The entity shook his head and looked at the stone ceiling, muttering to himself in a voice so low that Tyler couldn’t make out what he was saying.
“That was a valid question,” he ventured.
“Well, lad, or master, whichever you prefer, all your questions will be answered in that hall where the others are waiting,” calmly came the reply. “And the longer we stay out here, the more worried they will be. You wouldn’t like it when they’re worried. We already fought for you. You saw what they could do even not being at full strength.”
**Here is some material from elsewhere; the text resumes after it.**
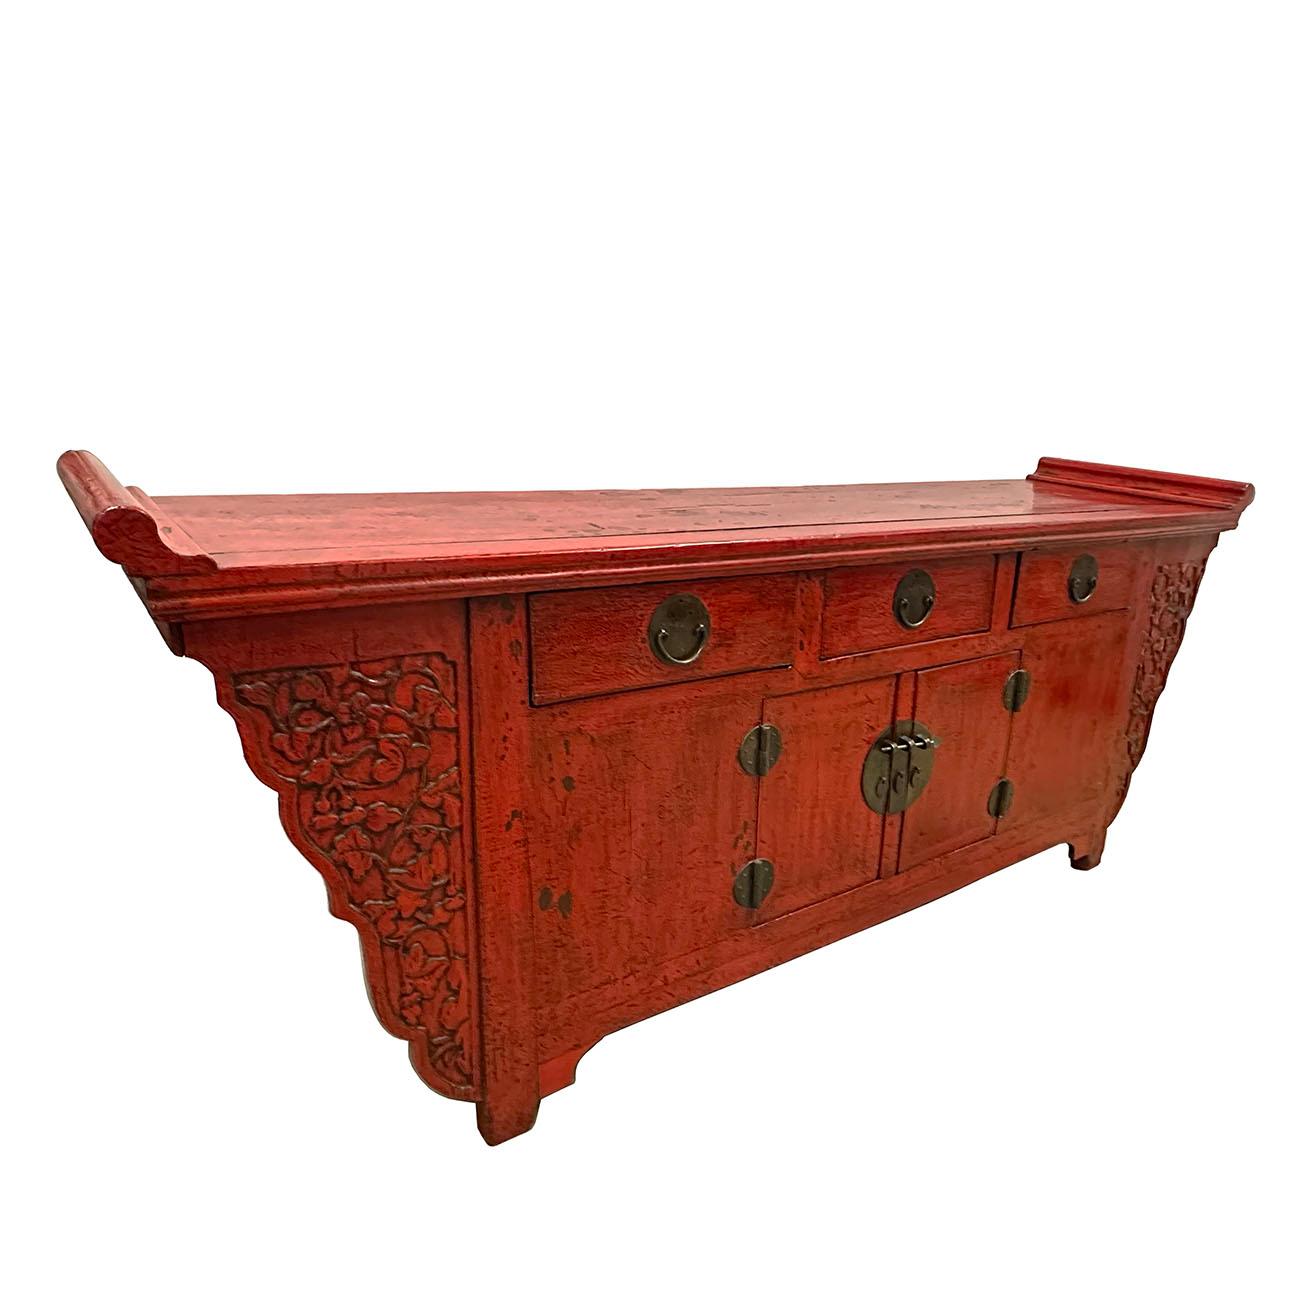 Ce meuble d'autel/ table-buffet chinois ancien a été fabriqué en bois d'orme massif avec une finition laquée rouge et de magnifiques sculptures ouvertes sur les deux côtés. Il comporte 3 tiroirs sur le dessus, un meuble à deux portes ouvrantes à

“Right. Let’s do this,” said Tyler finally.
“Good call. Follow me.”
The duo walked several feet to the door. The being signaled to Tyler to wait and where to stand. Then he opened the massive door.
As the metal panel swung open, the mage saw a large meeting hall with a long wooden table right after the door. The chairs on both ends were empty, but the seats at the sides were occupied by entities of dissimilar shapes, sizes, and forms.
His companion stepped inside and stood to one side.
“The First Mage comes,” he announced. Loudly.